Studies were included or excluded using an a priori defined study protocol. Criteria for inclusion were: (1) original studies involving at least 25 eligible participants; (2) ≥ 90% of which were younger than 21 years at childhood cancer diagnosis; (3) treated with anthracyclines, mitoxantrone and/or radiotherapy involving the heart; (4) published in English or Dutch from 2000 onwards; (5) that reported the occurrence of and/or risk factors (identified by a multivariate analysis) associated with acute and early-onset cardiotoxicity measured by clinical, echocardiographic and biochemical parameters routinely used in clinical practice during or within one year after the start of cancer treatment.
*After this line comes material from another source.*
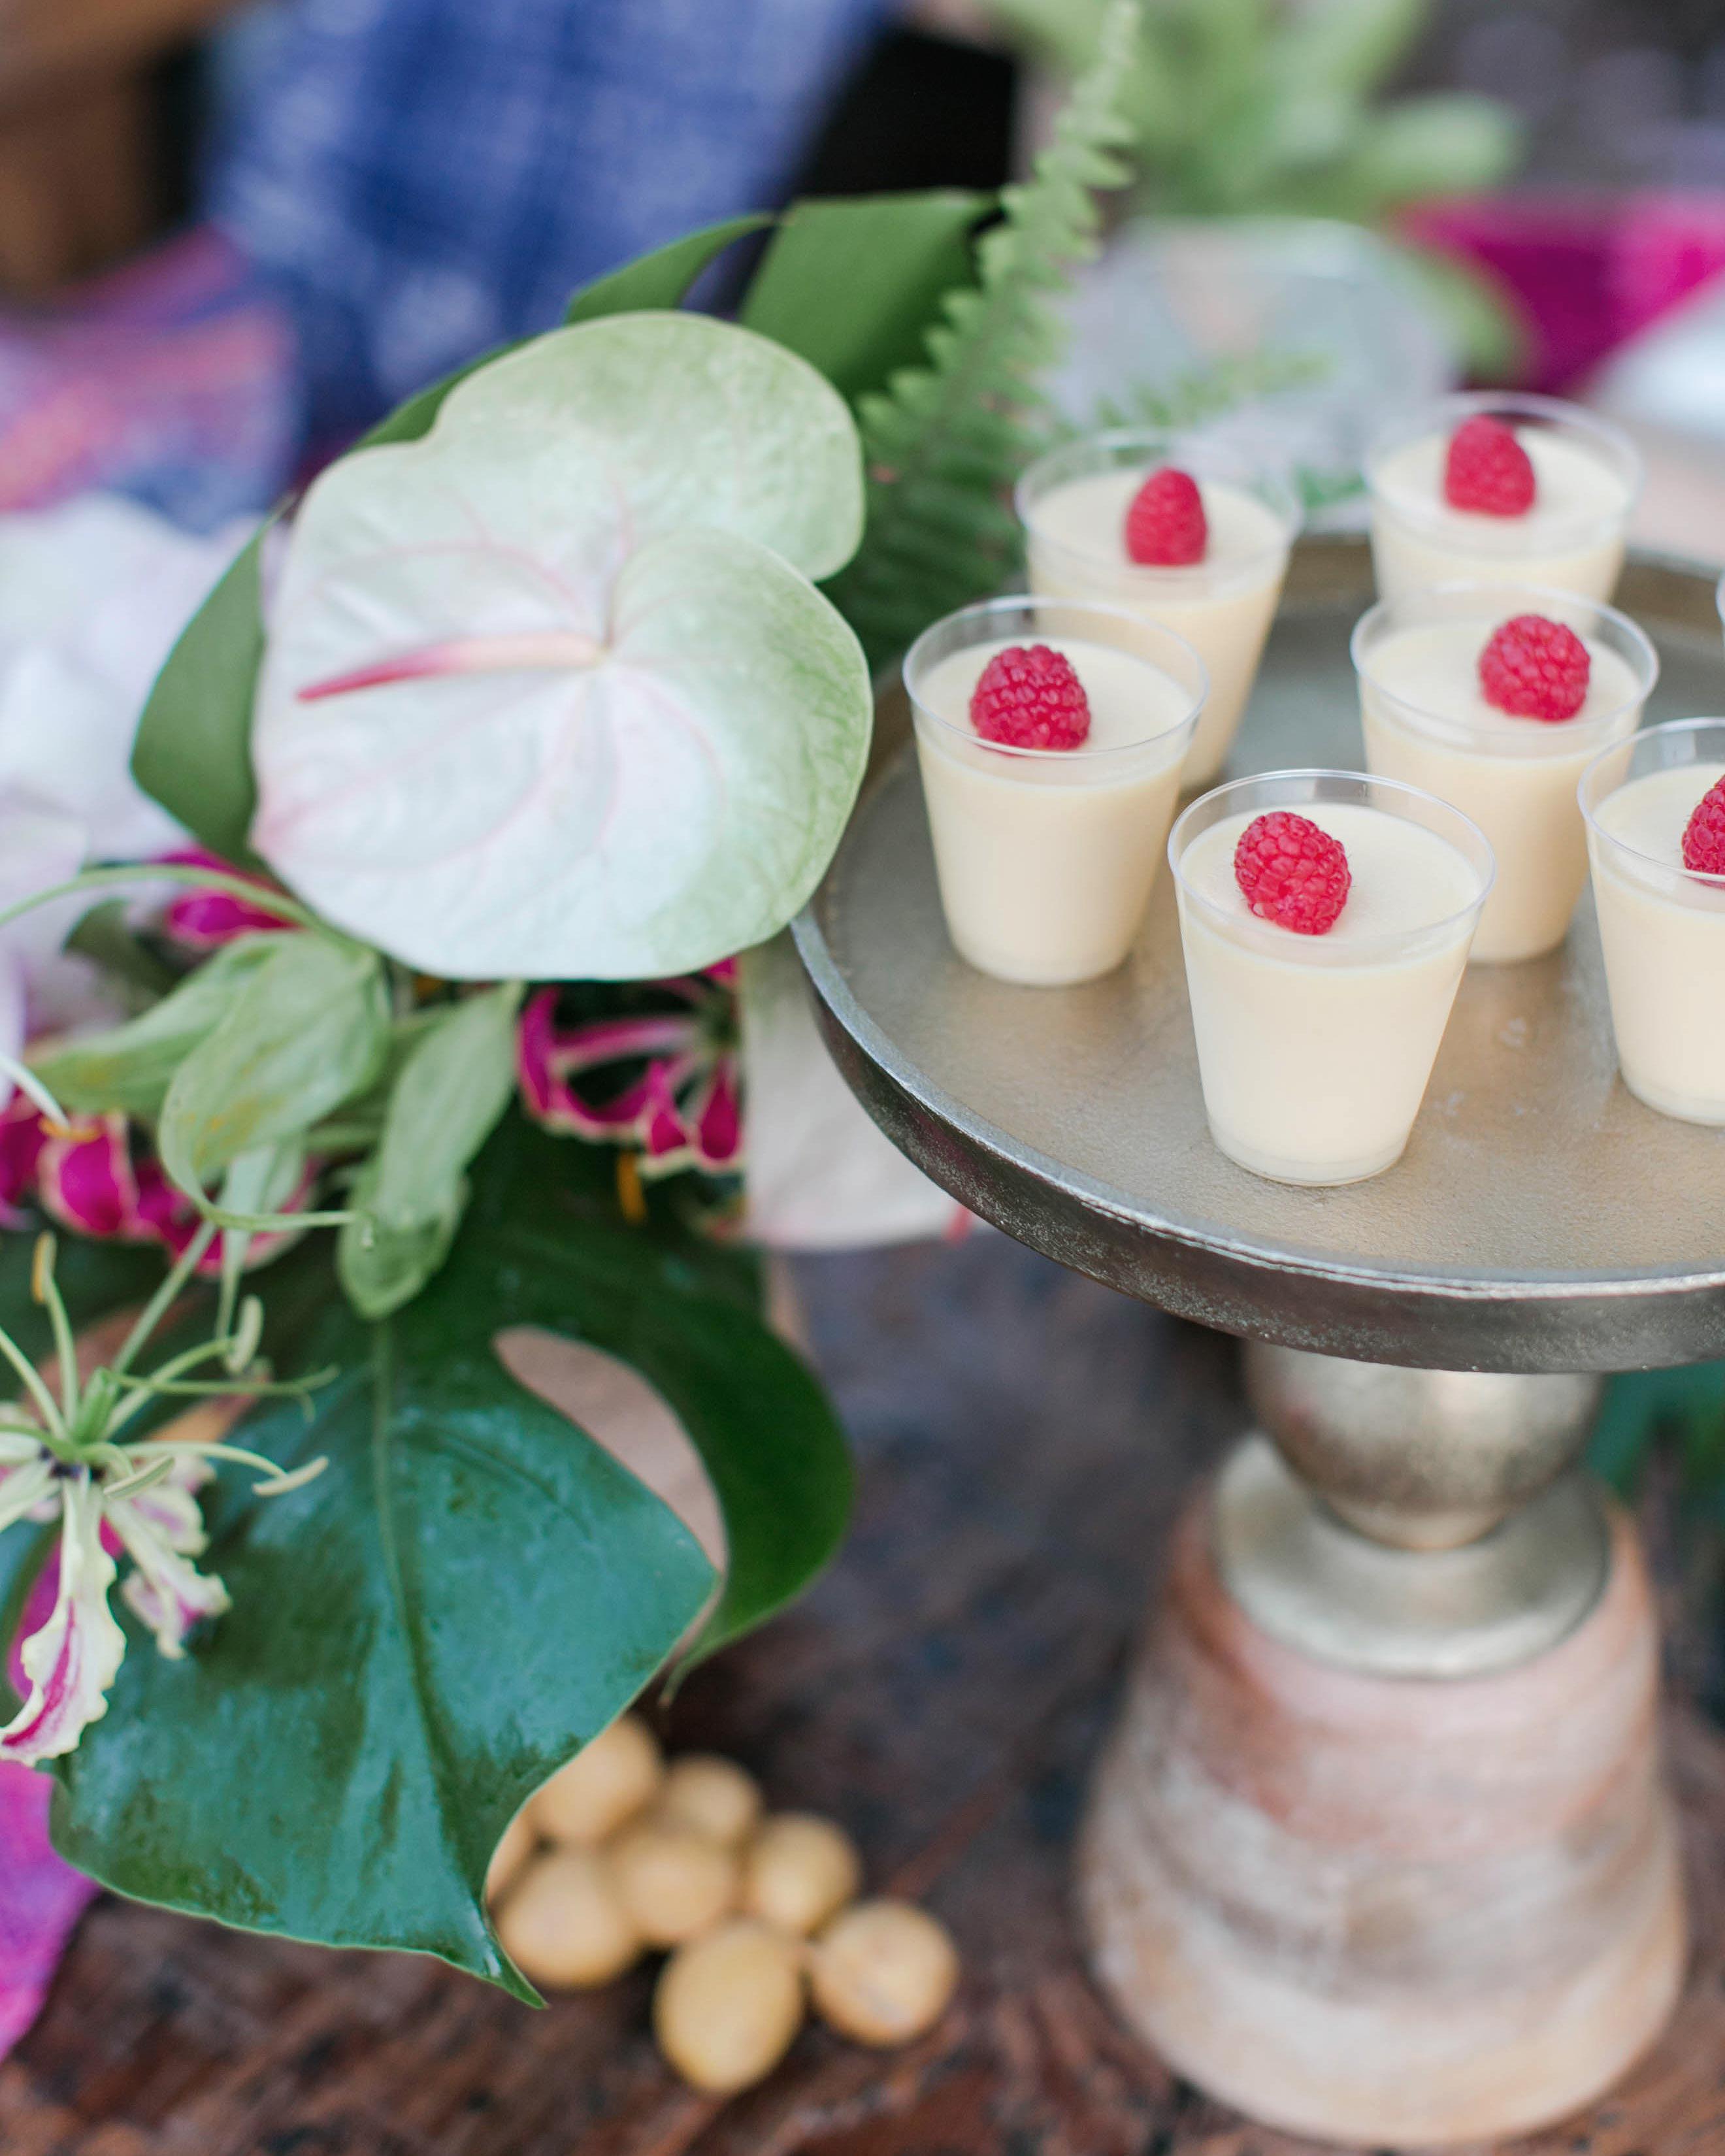 jasmine-jd-anniversary-desserts-077-s112834-0516.jpg

Both clinical and subclinical abnormalities were considered outcomes of interest: clinical signs and symptoms of heart failure, biomarker levels (troponin (Tn), brain natriuretic peptide (BNP) and is prohormone (proBNP, NT-proBNP) and creatine kinase (CK)) and several left ventricular (LV) echocardiographic parameters (fractional shortening (FS), ejection fraction (EF), global longitudinal strain (GLS), E/A ratio and Tei index). Definitions of cardiotoxicity were used as defined in the included studies.

Criteria for exclusion were as follows: (1) case reports and case series with a description of non-consecutive participants; (2) studies in which the number of children with comorbidity of cardiac disease (like ejection fraction < 50%, valvular heart disease or severe hypertension) at the time of cancer diagnosis exceeded 10%; (3) studies in which the number of children with recurrent malignant disease exceeded 10%; and (4) studies in which the number of children who received cardioprotective interventions (such as dexrazoxane) exceeded 10%. Cut-off values used in the in- and exclusion criteria were chosen with the aim to prevent missing important data whilst not allowing an excess of data that does not pertain to our population of interest.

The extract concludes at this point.